Segment Start: DATA EXTRACT
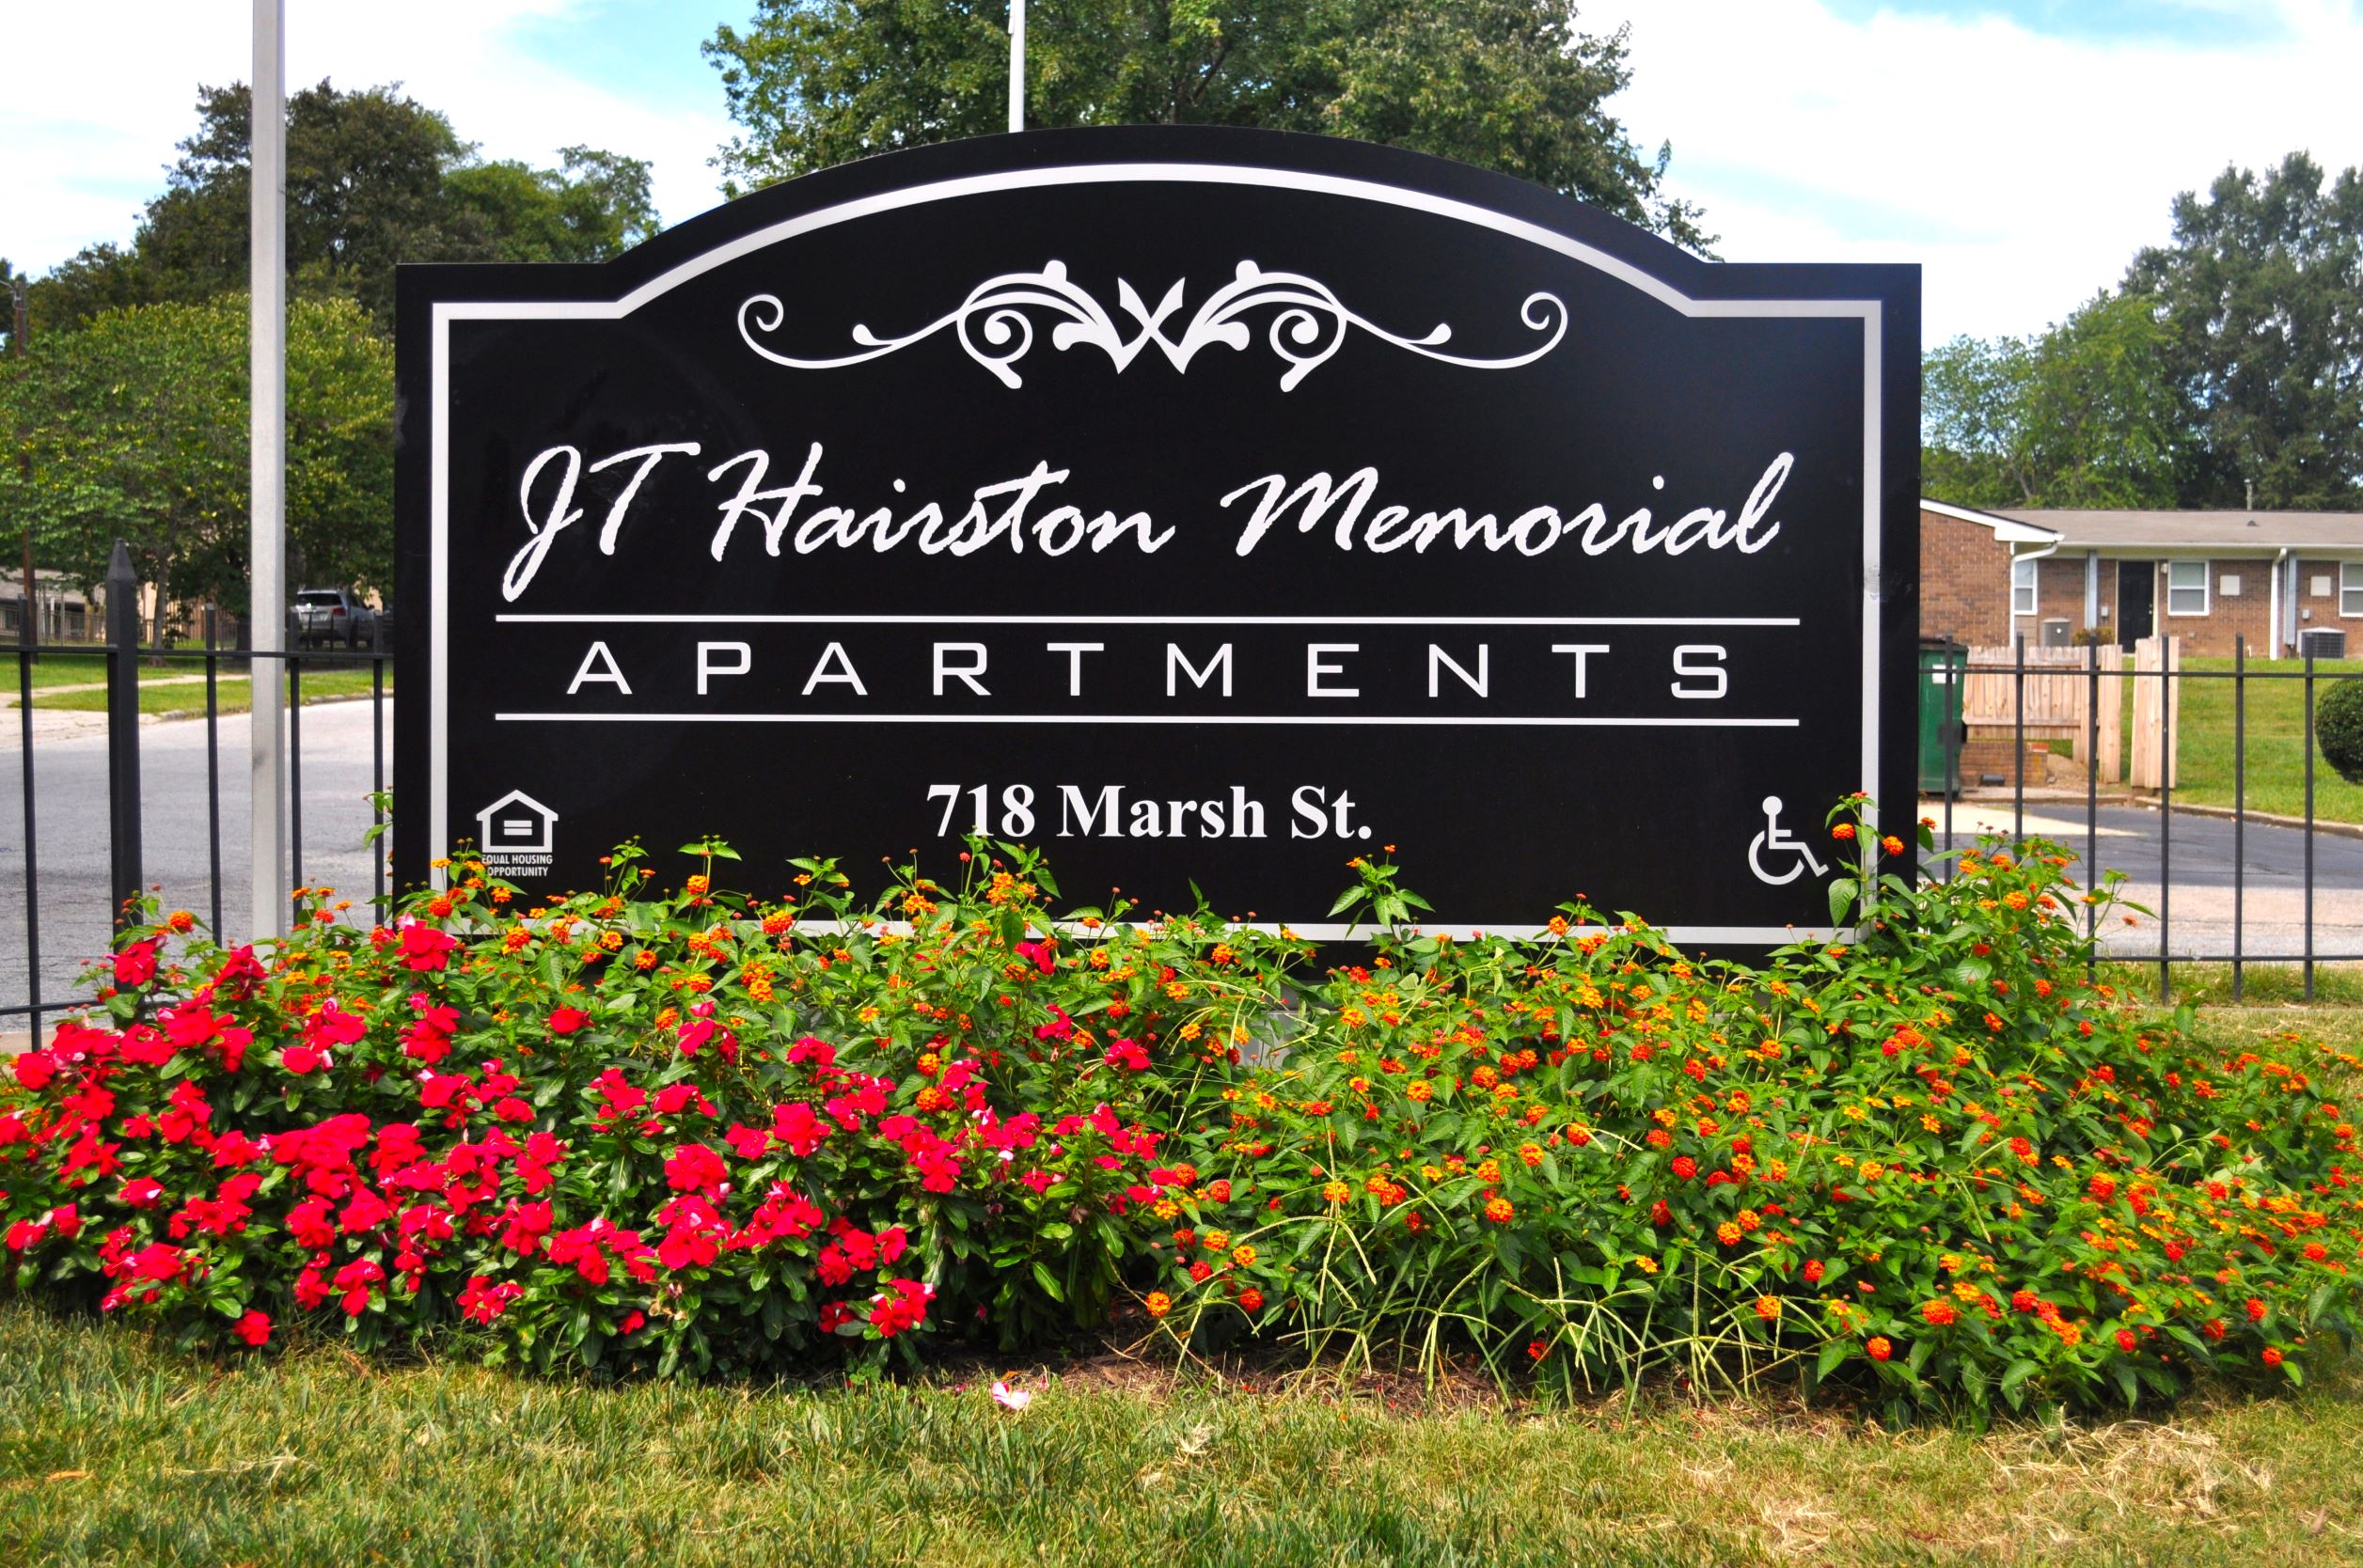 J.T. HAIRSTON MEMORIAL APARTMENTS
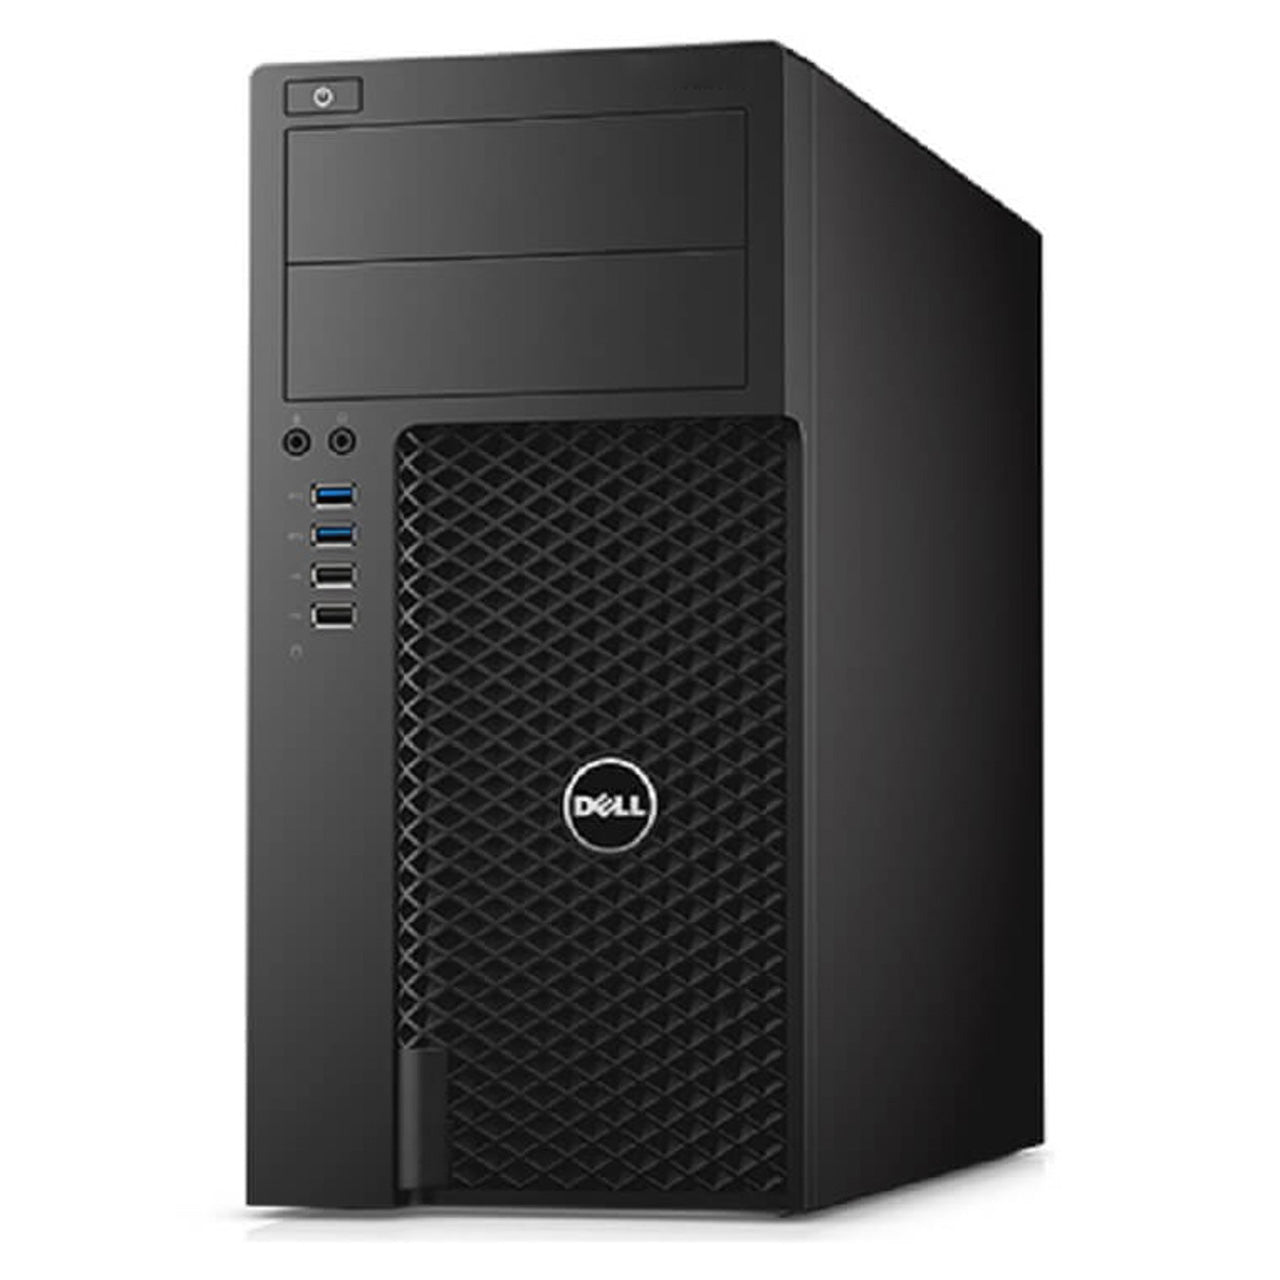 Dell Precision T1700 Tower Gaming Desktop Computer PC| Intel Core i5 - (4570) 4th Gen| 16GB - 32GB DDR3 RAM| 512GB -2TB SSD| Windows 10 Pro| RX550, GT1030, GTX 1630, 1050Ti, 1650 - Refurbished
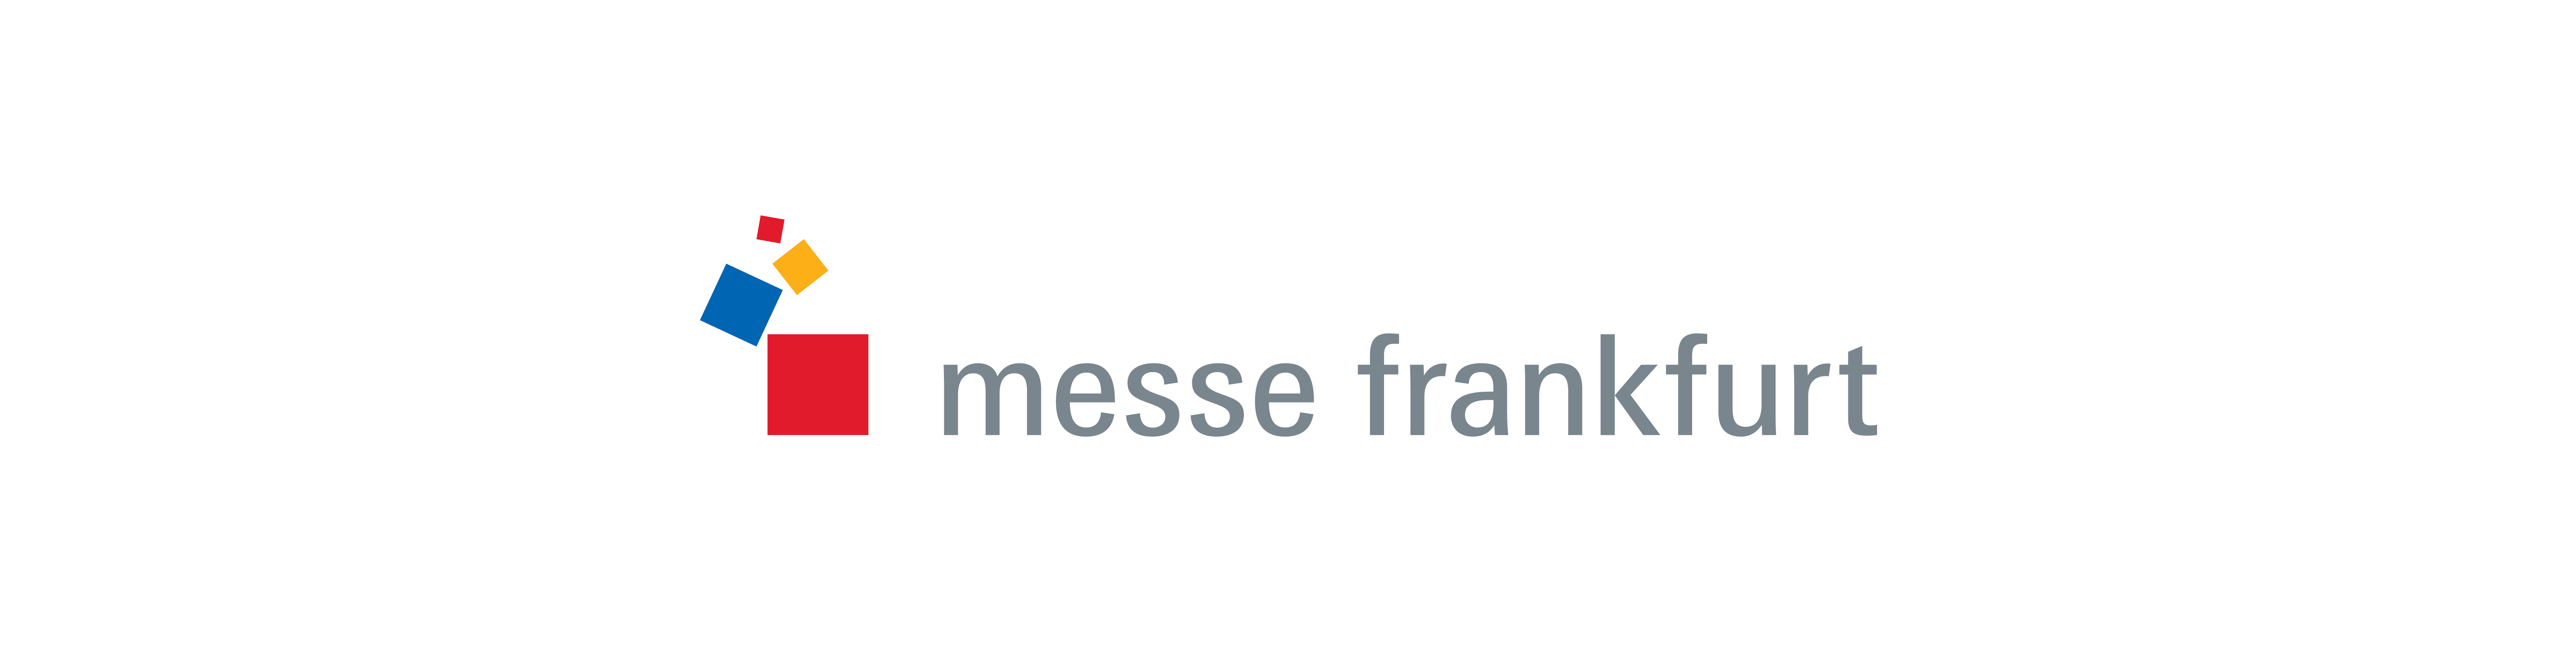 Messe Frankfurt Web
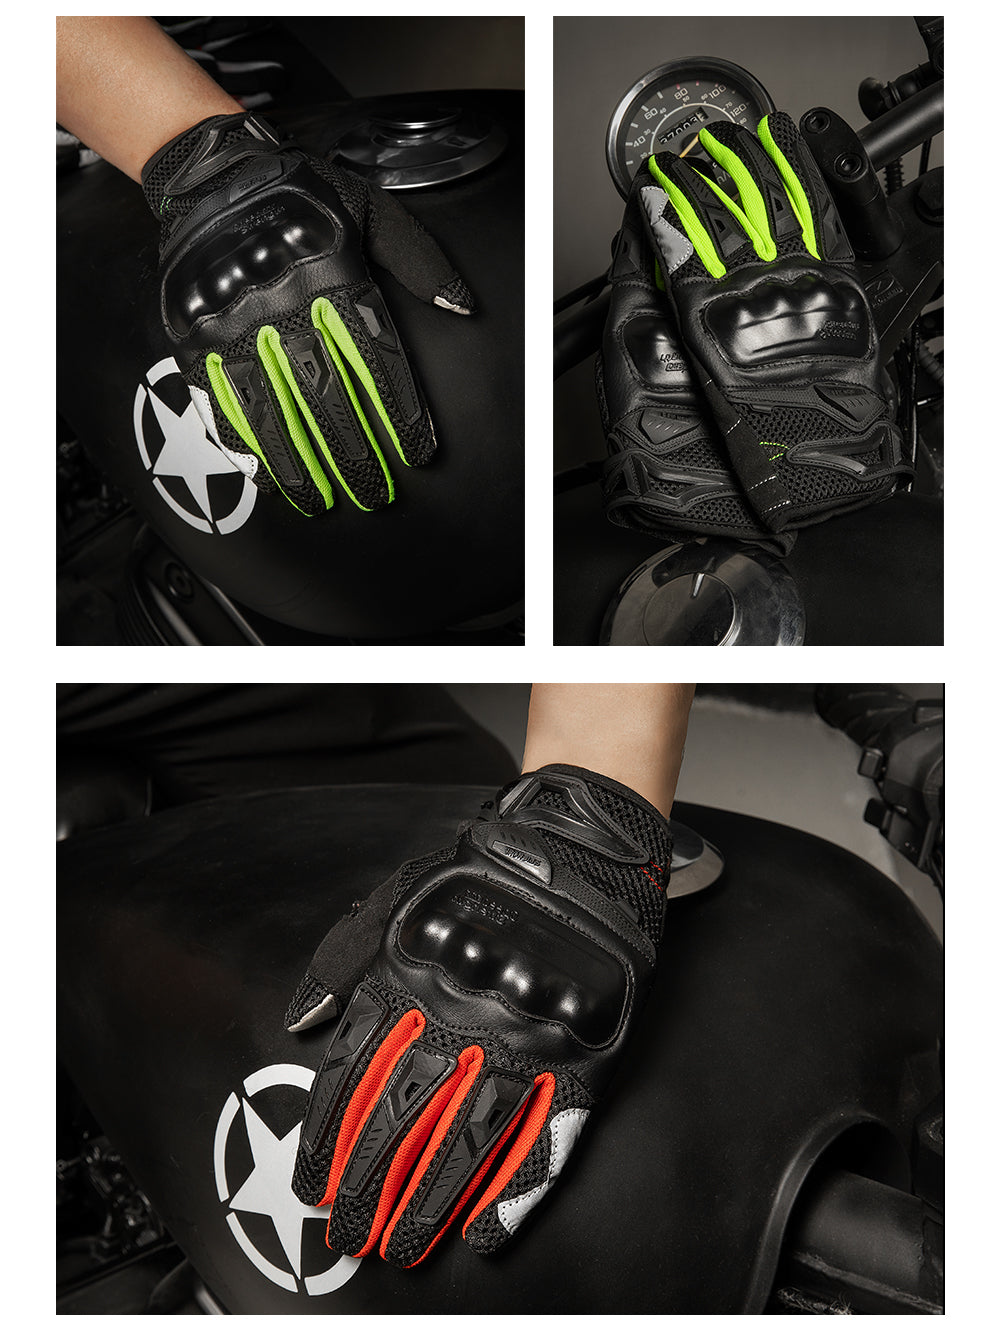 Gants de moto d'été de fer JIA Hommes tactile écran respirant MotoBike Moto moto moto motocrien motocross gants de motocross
Segment End: DATA EXTRACT
### ABOUT THIS EXERCISE
Would you copy each line above exactly as given, dropping any images?

### RESULT OF THE TASK
 J.T. HAIRSTON MEMORIAL APARTMENTS
 Dell Precision T1700 Tower Gaming Desktop Computer PC| Intel Core i5 - (4570) 4th Gen| 16GB - 32GB DDR3 RAM| 512GB -2TB SSD| Windows 10 Pro| RX550, GT1030, GTX 1630, 1050Ti, 1650 - Refurbished
 Messe Frankfurt Web
 Gants de moto d'été de fer JIA Hommes tactile écran respirant MotoBike Moto moto moto motocrien motocross gants de motocross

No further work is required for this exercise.